§ **Data section**:
##############################

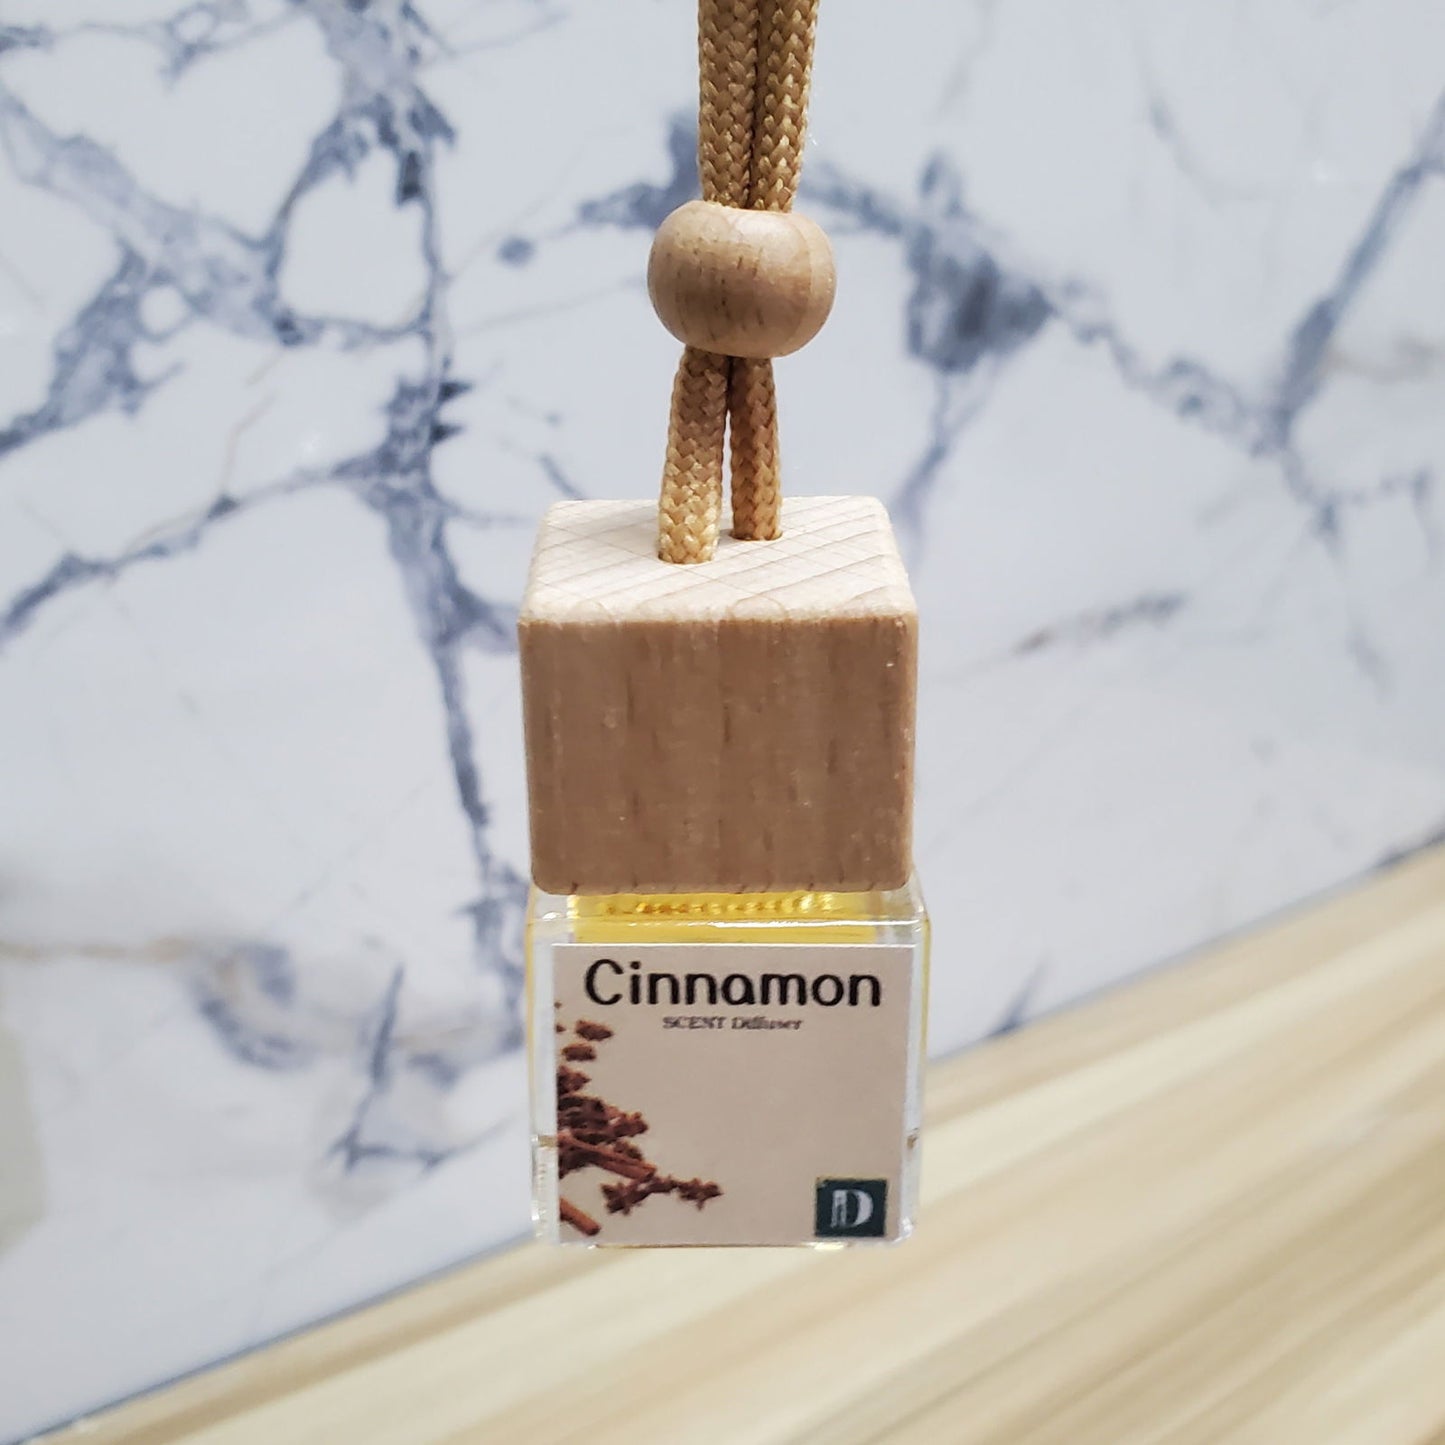 Cinnamon SCENT Diffuser (Car/Air Freshener) - D SCENT 
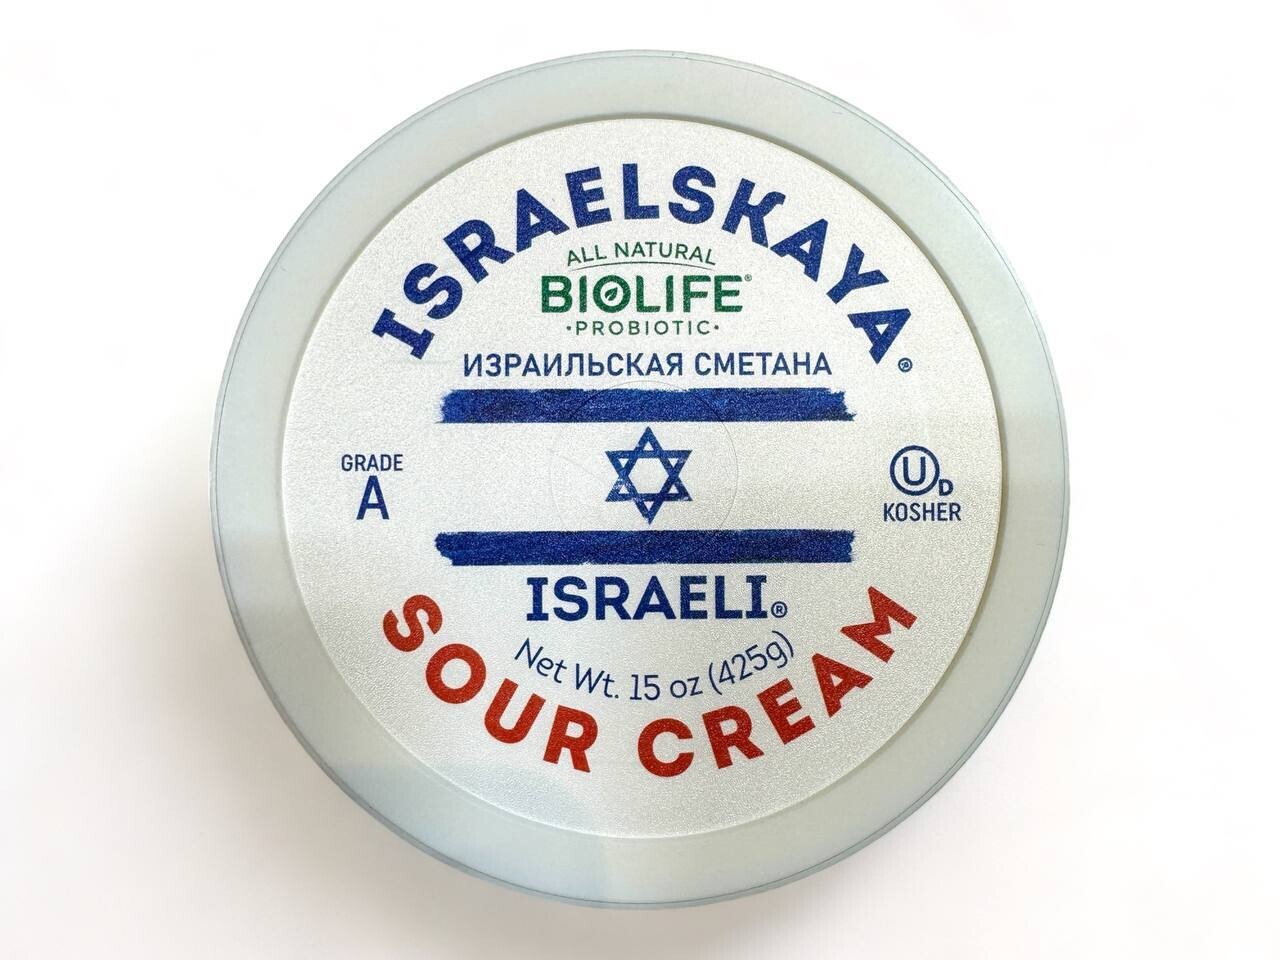 Sour Cream Israelskaya 15oz
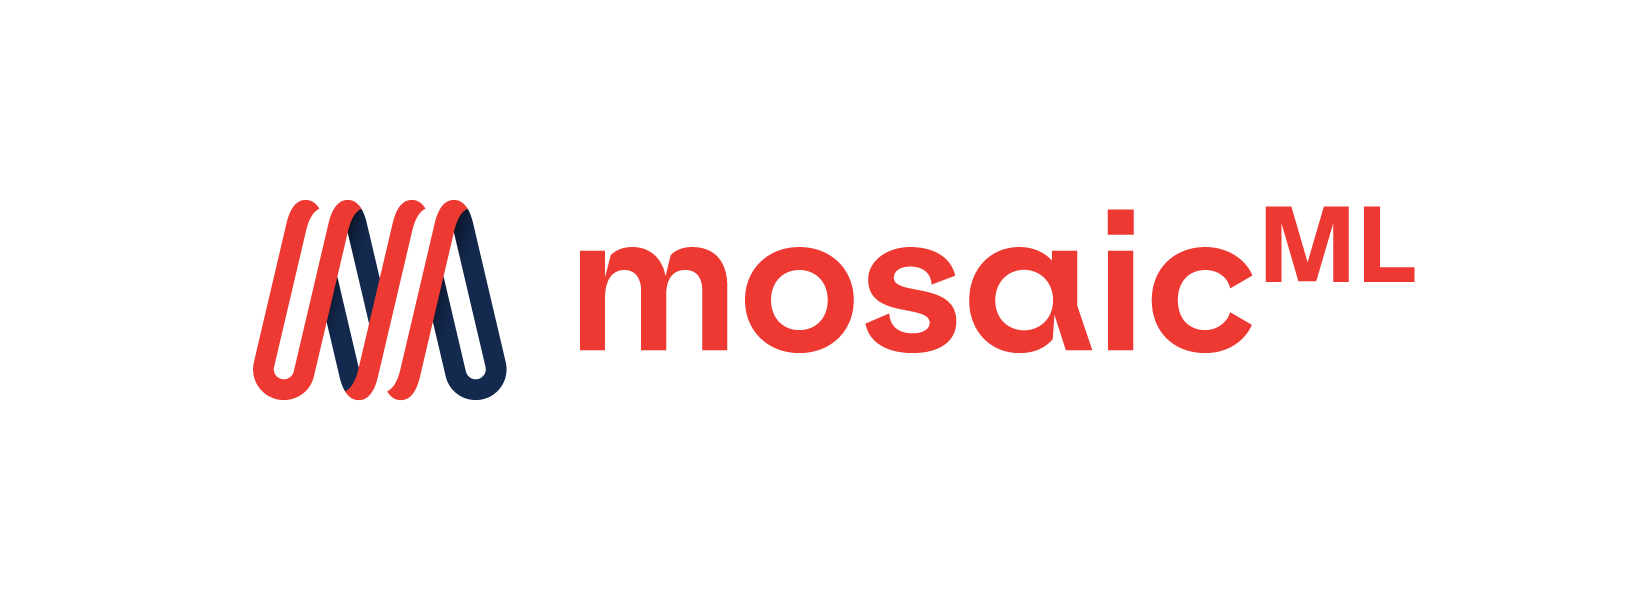 mosaicml-logo-light-mode
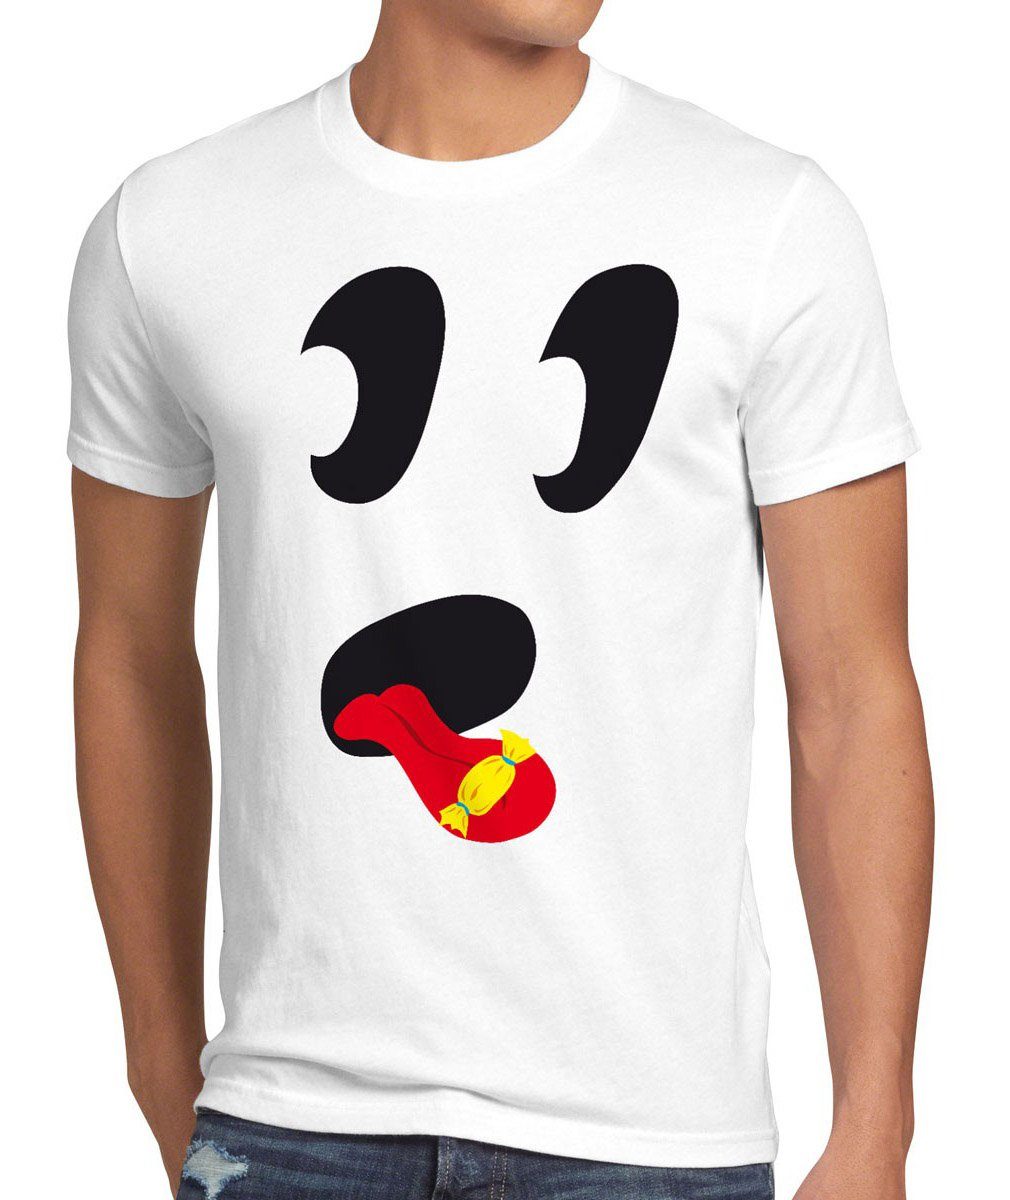 Gag style3 Geist Halloween Süßer Herren Kopf Fun weiß Party T-Shirt Gesicht Print-Shirt Fasching Kostüm

##############################

§ **Your instructions**: These lines alone form the answer: the one containing "Sour Cream Israelskaya 15oz" and every line after it through the end of the material, exactly as written, pictures left out.

§ **Result**:
 Sour Cream Israelskaya 15oz
 mosaicml-logo-light-mode
 Gag style3 Geist Halloween Süßer Herren Kopf Fun weiß Party T-Shirt Gesicht Print-Shirt Fasching Kostüm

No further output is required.